Yesterday, the state of Alabama filed a motion asking the full 11th Circuit Court of Appeals to rehear arguments about the state's worst-in-the-nation anti-immigration law. The Alabama law, HB 56, made international news for targeting schoolchildren in an overzealous attempt to make their undocumented parents self-deport. Alabama's appeal comes after a three judge panel from the 11th Circuit ruled in August that major provisions of the law are unconstitutional, including one that the Montgomery Advertiserdescribes as:
requires students to provide documentation of their birth, either through a birth certificate or a sworn statement from parents as to the child's status. If the child or parents do not provide such documentation, the student is counted unlawfully present.
"Instead of turning its sights on Congress and pressing the need for comprehensive, federal immigration reform, Alabama's Republican leaders continue to double down on these mean-spirited policies, and waste taxpayer money on expensive lawsuits," said Lynn Tramonte, Deputy Director of America's Voice.

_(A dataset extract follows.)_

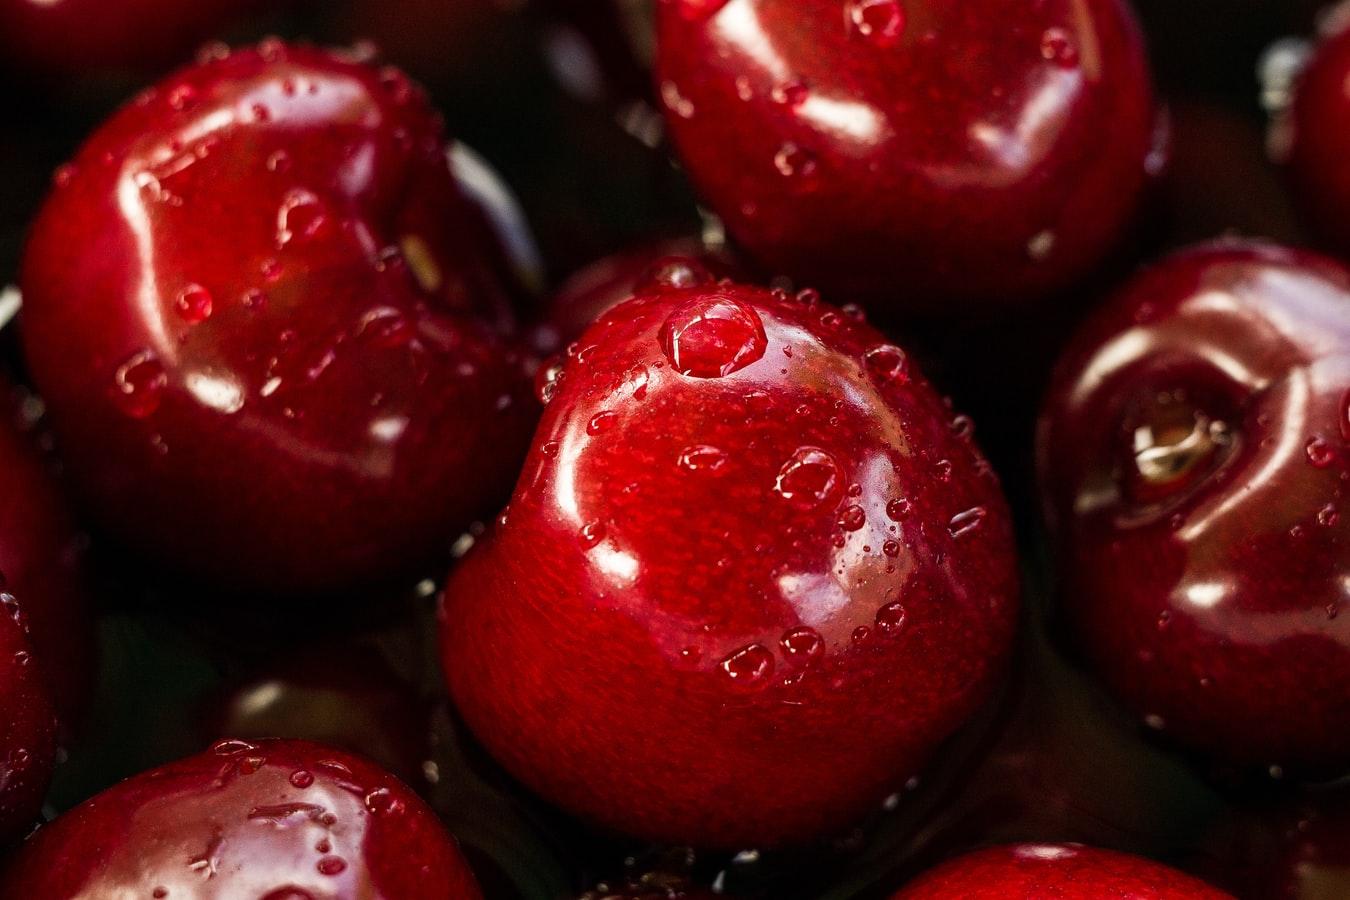 Voćni šećer - fruktoza podstiče razvoj karcinoma

In addition to continuing to challenge lawsuits brought to protect the Constitution from the state's overreach, a University of Alabama economist has estimated the price tag of the state's law to be a whopping $11 billion. This doesn't even get into the intangible costs to Alabama's reputation across the nation and the world, as the immigration debate there becomes a new expression of the state's ugly history on civil rights.
We are filing this based on principle. As the governor of Alabama, I have a duty to uphold and defend Alabama law. Federal courts should not restrain state governments in a way that is contrary to the U.S. Constitution.
The courts have already spoken and said that these provisions of Alabama's law are unconstitutional. It seems the only 'principle' Governor Bentley is fighting to uphold is the right to ask children for their papers. Is that really the type of country we want to be?
According to Republican presidential candidate Mitt Romney, the answer is "yes." Alabama's law was written by Romney immigration advisor Kris Kobach, and is based on the same strategy of "self-deportation" that Romney has embraced since the Republican primary. This policy was reflected in the GOP platform at the Republican convention last month, and continues to be the Party's stated position on what to do about the status of the 11 million men, women, and children currently living in America without papers.
Governor Bentley and Arizona Governor Jan Brewer are giving us a preview into what life would look like under Mitt Romney's self-deportation policy. It's a frightening picture of a society that pits children against their parents and neighbor against neighbor. By continuing down this path they are not only hurting their states, but also clarifying the stakes for all of us in November.